I didn’t have any big plans for the project. I figured starting out with a camera and a location was good enough. Then after I looked at the photographs, I’d make more decisions about the direction I wanted to take. This is the way I’ve always worked. Epic, multi-year projects aren’t my thing. I applaud those that work that way, but it’s not for me. At least, not from where I’m standing right now.
Because in fact, I maybe working on one, very long project and each of these little projects might only be chapters. There’s no way to tell. I don’t have ambitions of winning any photography contests, getting a book deal or having my work hang in a gallery in Chelsea. I have no ambitions other than to make the photographs I want to make, organized the way I want to organize them, sharing them the way I want to share them, and right now, that means the internet.
Someday I’d like to see the work in a book. In fact, I’m working on a book of my California photographs. It’s been a few years now, and I have a different perspective on the work. I didn’t realize it at the time, but the work needed the appropriate words to accompany it. So now I’m working the words. In my head it feels almost complete. That’s only part of the battle though. Making the work a physical reality is a different story. I’ll take my time to make sure I get it right.

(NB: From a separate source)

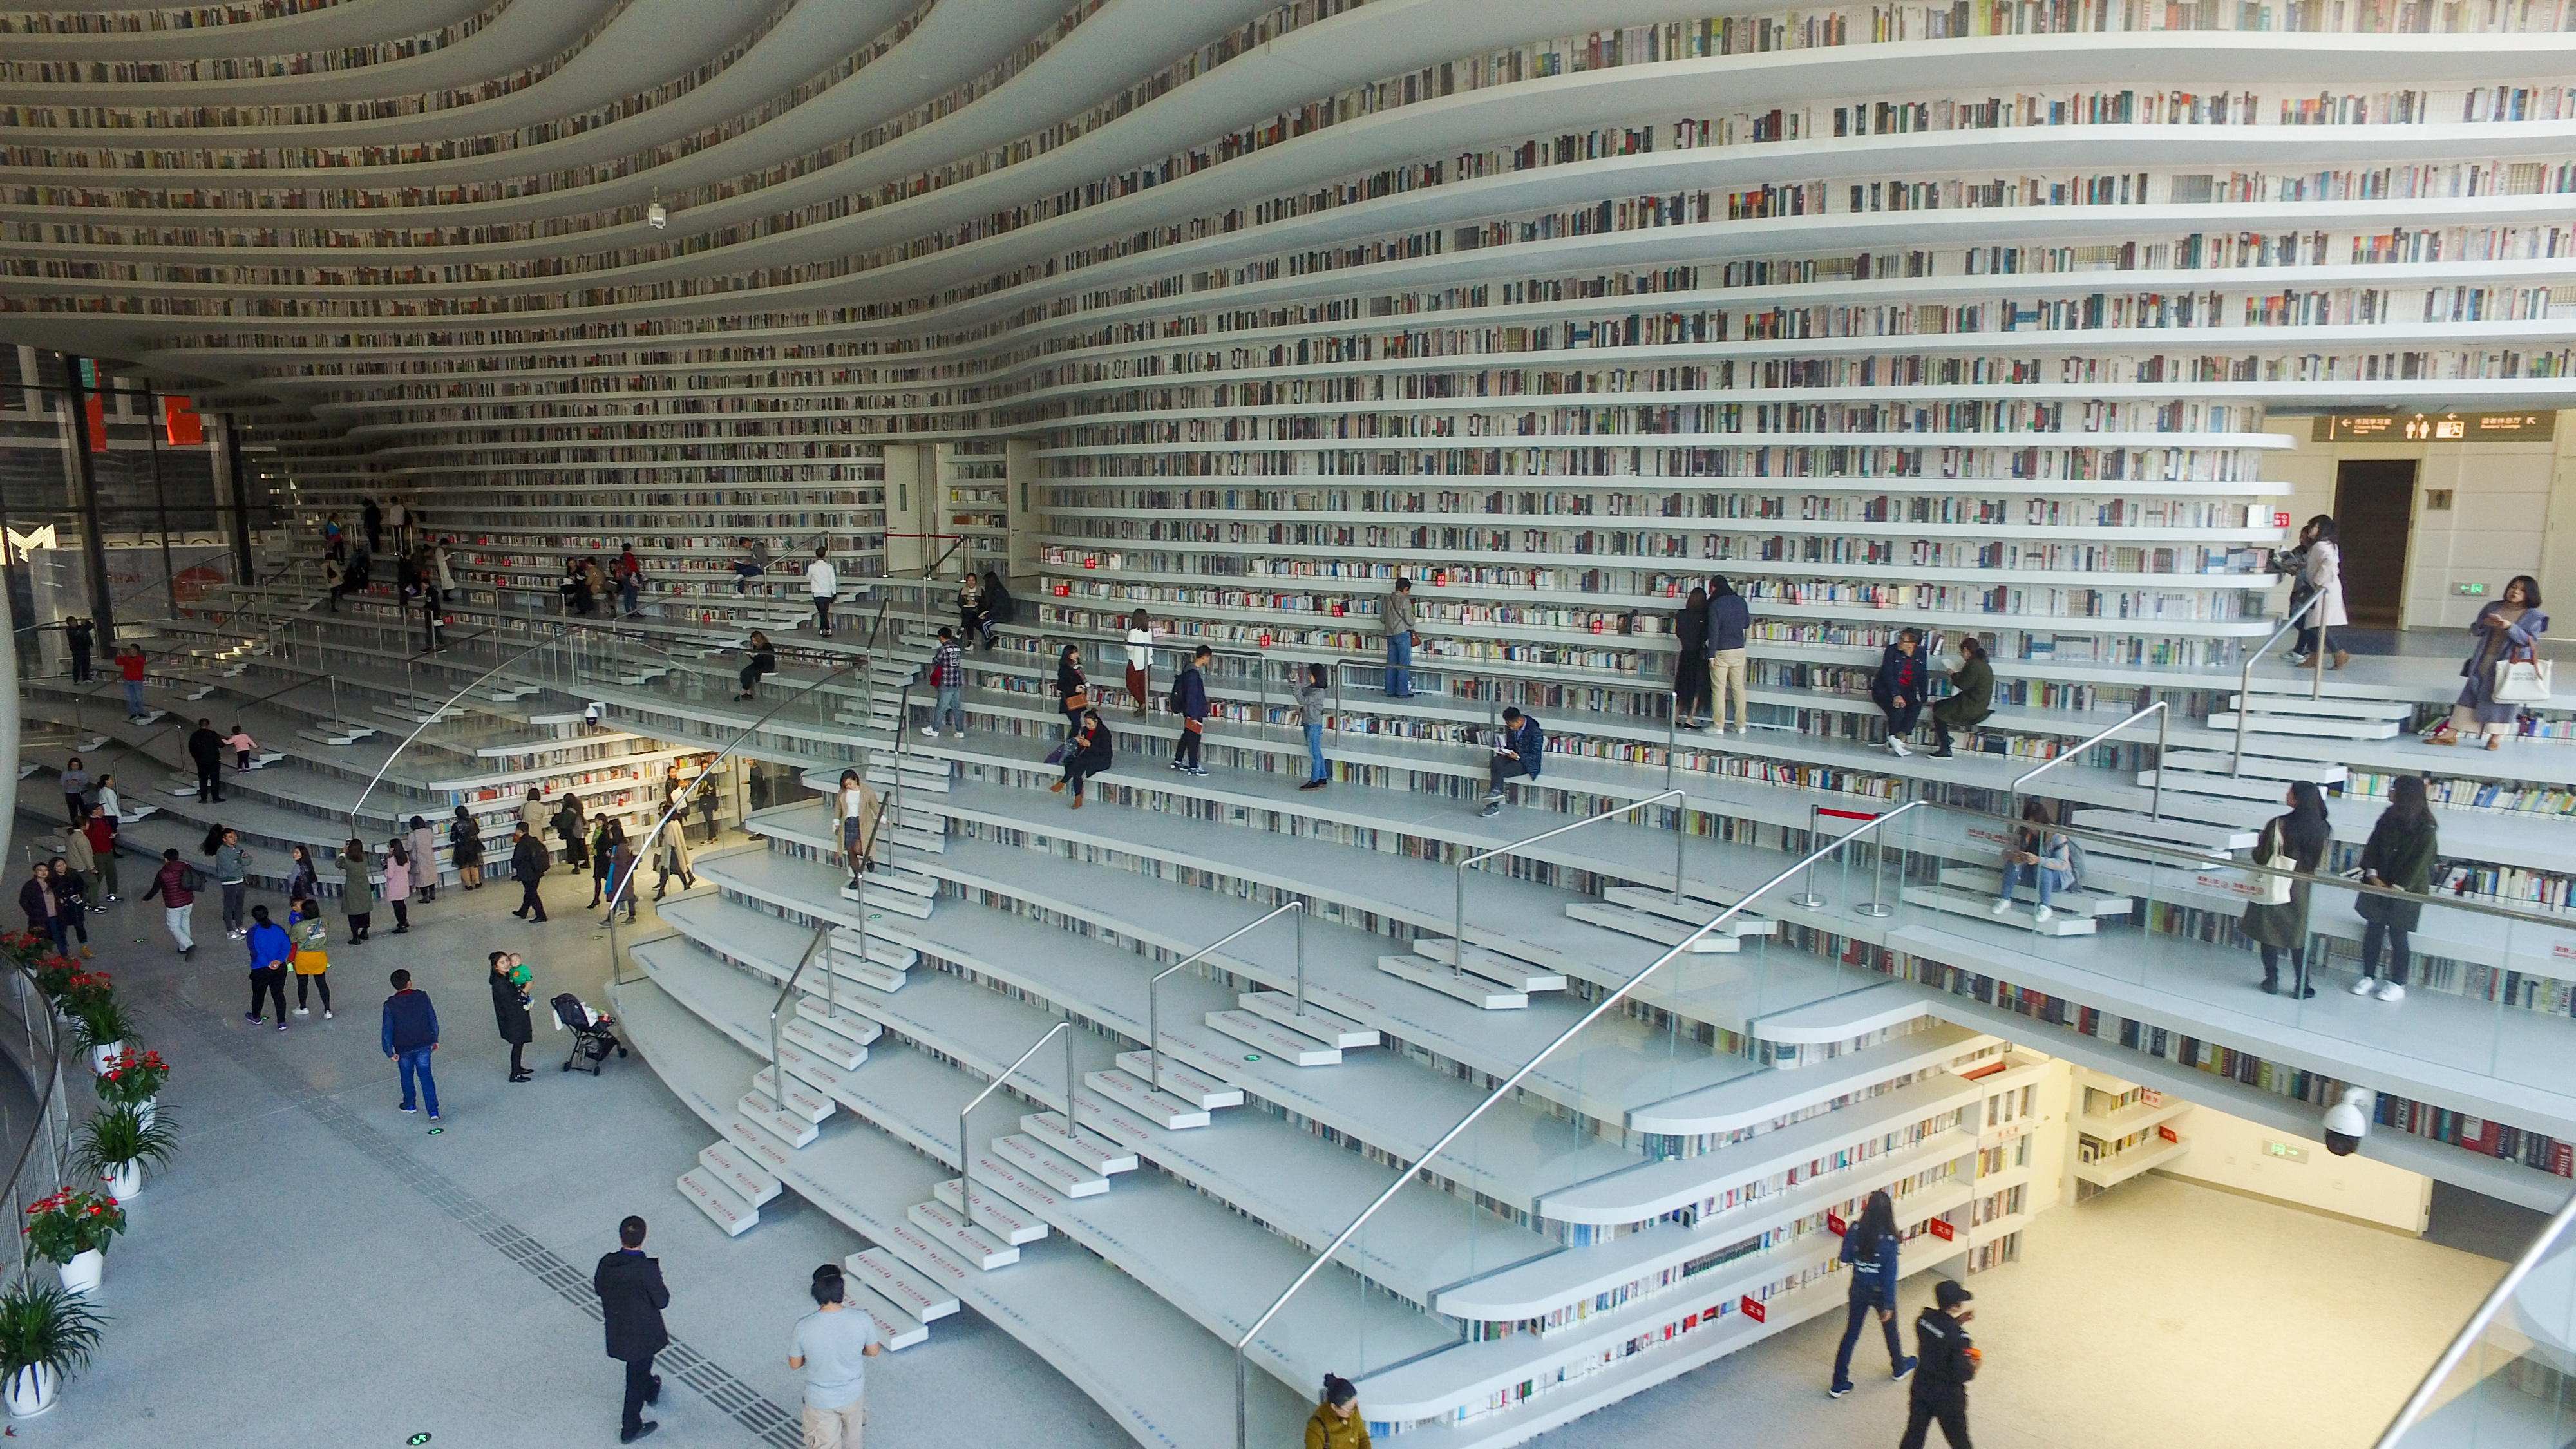 A könyvtár, ahol öt emelet magasan ölelnek körbe a polcok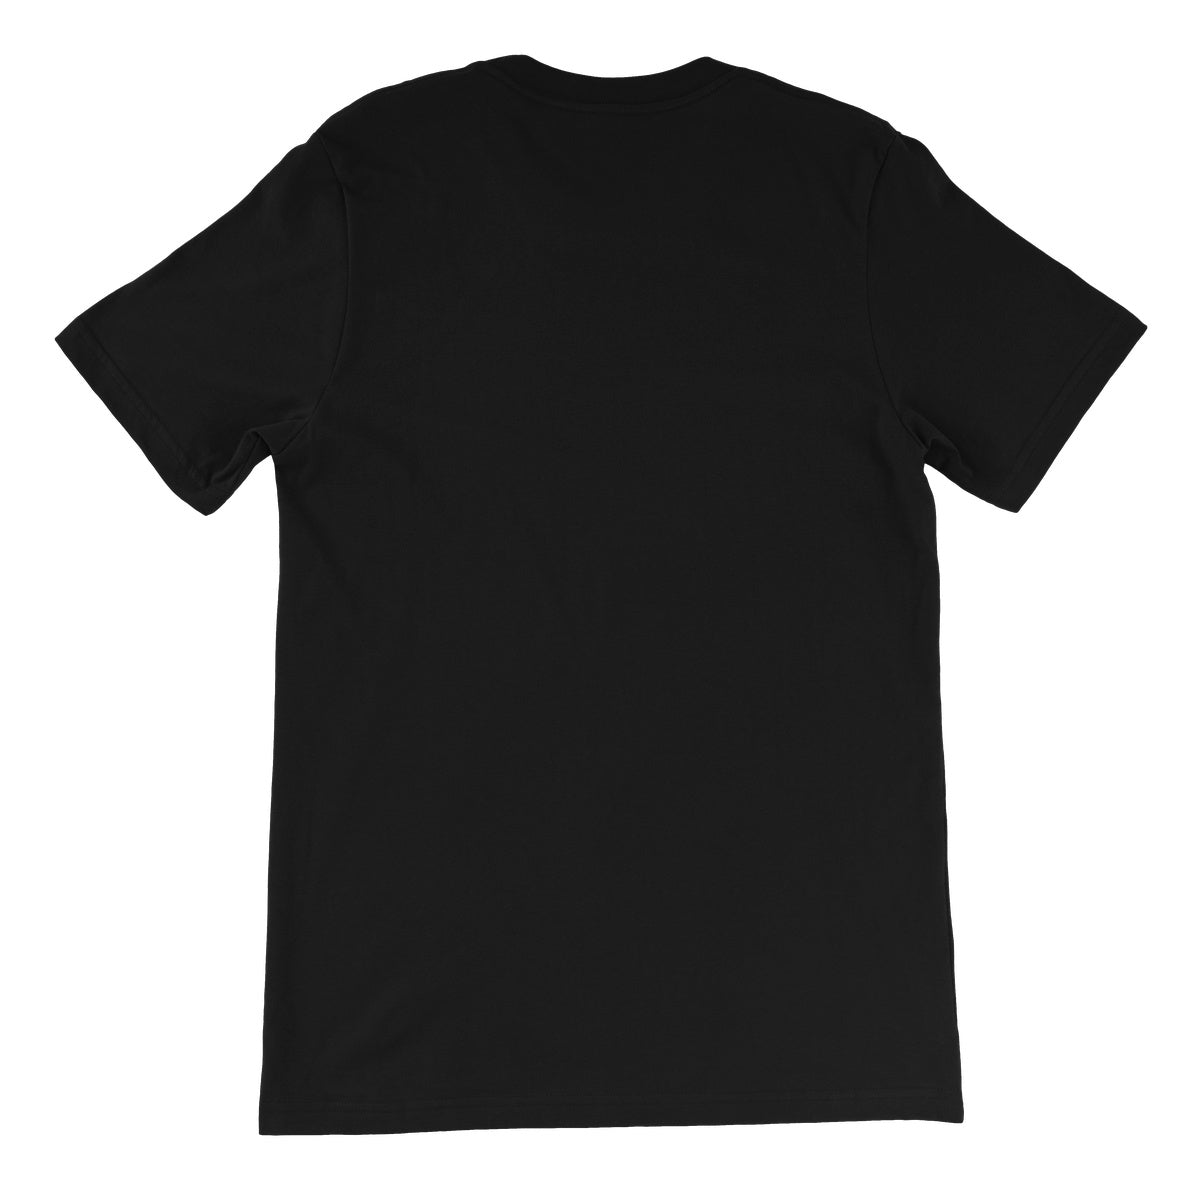 TNT Extreme Wrestling Merseyside Massacre Unisex Short Sleeve T-Shirt

It’s strange to sit in a tiny apartment in Greenpoint, Brooklyn and look back on work I made a few years ago, trying to figure out what compelled me to make the photographs. Looking at the photographs repeatedly while drinking a few beers can help. Writing helps more, but both create a dissonance with living in the now, here in Brooklyn.
Why am I making these new photographs? Why Greenpoint? What about those photographs I made when I first arrived in New York City and had no idea how long I’d be here? They’re different than these new photographs.
The truth is I don’t know about these Greenpoint photographs. About a month ago, I decided I’d photograph in other neighborhoods as well. Perhaps Greenpoint was a fictional place for me, and since photographs lie, why not push and prod the lie? Then I figured something out, I could call the project Greenpoint, Brooklyn. It could be about Greenpoint and Brooklyn. Freedom! Cleverness! Eureka!
The euphoria of creative insight only lasts so long though. I was back out on Sunday, photographing around Fort Greene. I made some photographs I thought were ok. What has been strange about photographing this year is that it’s the first time in about four years that I’ve photographed without a sense of urgency. For whatever reason, I could stop making these type of photographs tomorrow and move onto something else. Perhaps I’ll load up my Bessa with Neopan 1600 and make blurry, grainy, abstract black and white photographs. I don’t know. I don’t really know much these days about the photographs I’m making, other than making them is still challenging and enjoyable.
I figure I have a few more months of decent weather to wander around before winter makes it unbearable to spend time outside. That should equate to several hours of meditating and thinking about photographs and Greenpoint and Brooklyn.